United States admiral (1887–1973)

Vice Admiral Morton Lyndholm Deyo (1 July 1887 – 10 November 1973) was an officer in the United States Navy, who was a naval gunfire support task force commander of World War II.

Born on 1 July 1887 in Poughkeepsie, New York, he graduated from the United States Naval Academy in 1911, and served over a career of 38 years. His classmates at the Naval Academy included Harry W. Hill, Frank J. Lowry, George D. Murray, John W. Reeves, and Frederick L. Riefkohl. His highest Navy rank in active service was rear admiral, attaining vice admiral at retirement. He was awarded three medals of personal honor, the Distinguished Service Medal (Navy), and the Legion of Merit with Gold Star.

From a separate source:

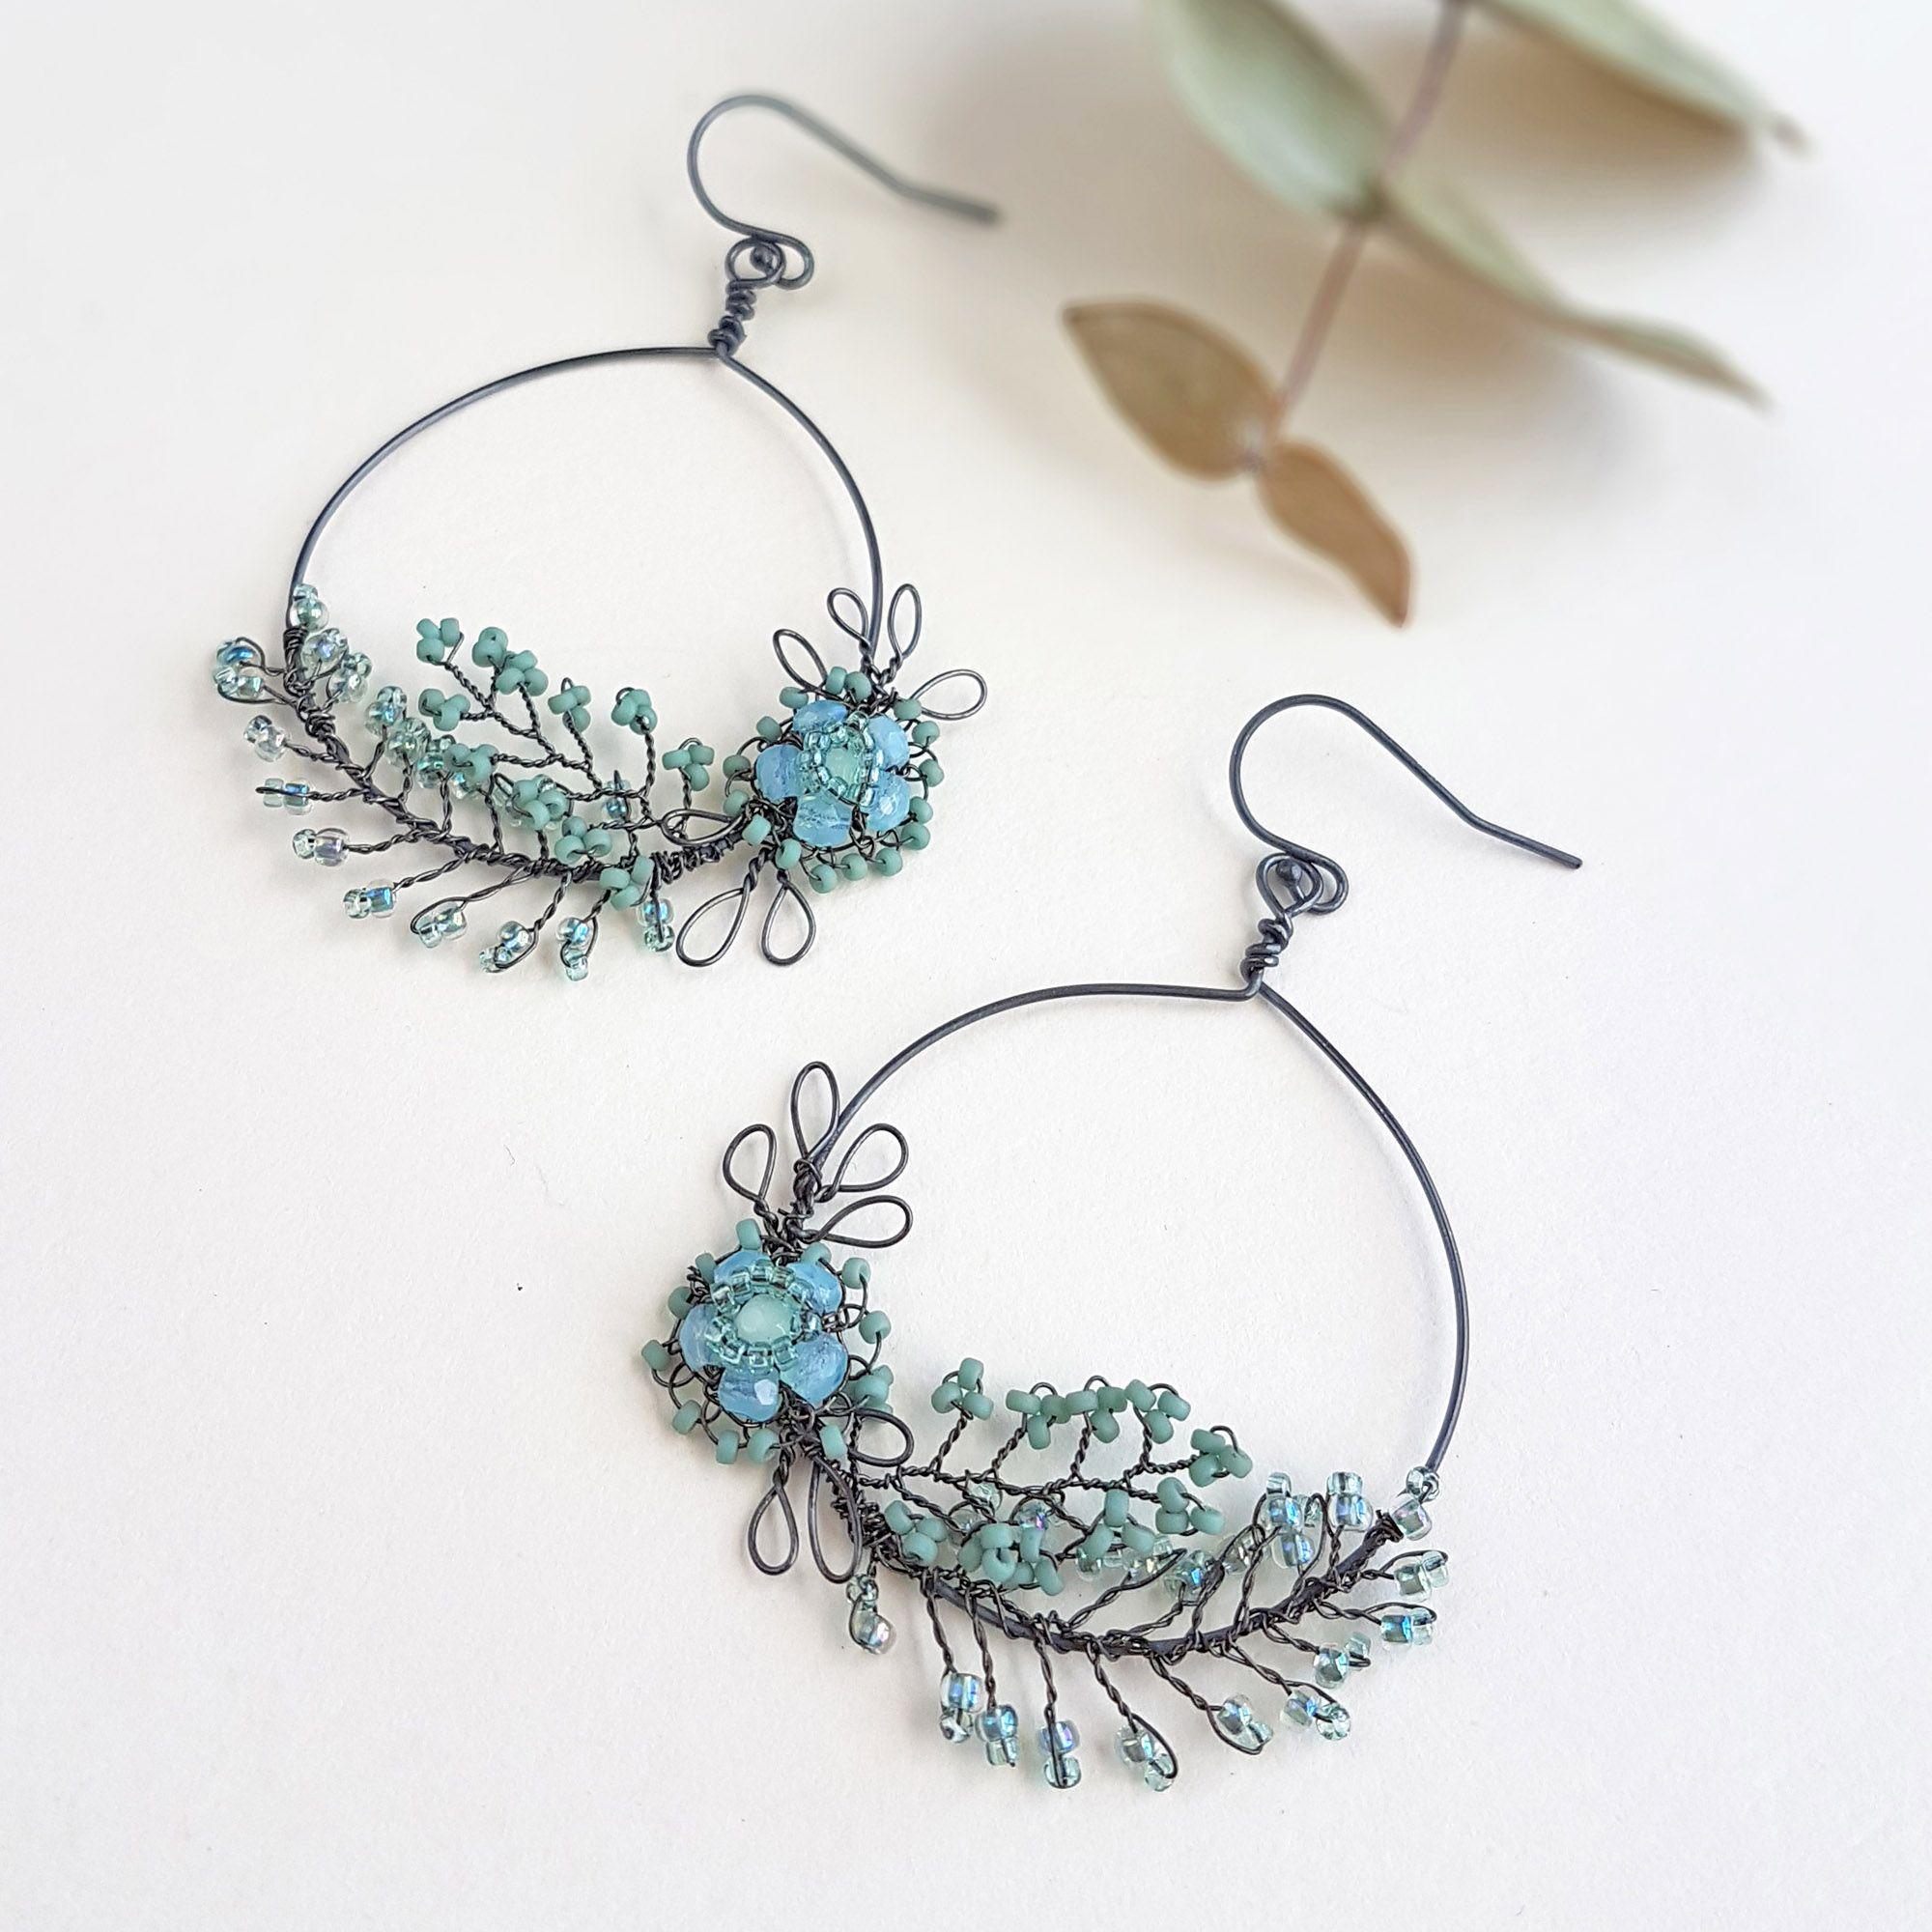 Garland statement earrings by Judith Brown Jewellery

Deyo served in both the Atlantic and Pacific Fleets. In the Atlantic, he commanded the destroyers which provided the first American escort assistance to allied convoys to England just prior to the Japanese attack on Pearl Harbor. He later commanded naval gunfire support at Utah Beach in the Normandy invasion, Task Force 129 at the bombardment of Cherbourg, as well as during the invasion of Southern France.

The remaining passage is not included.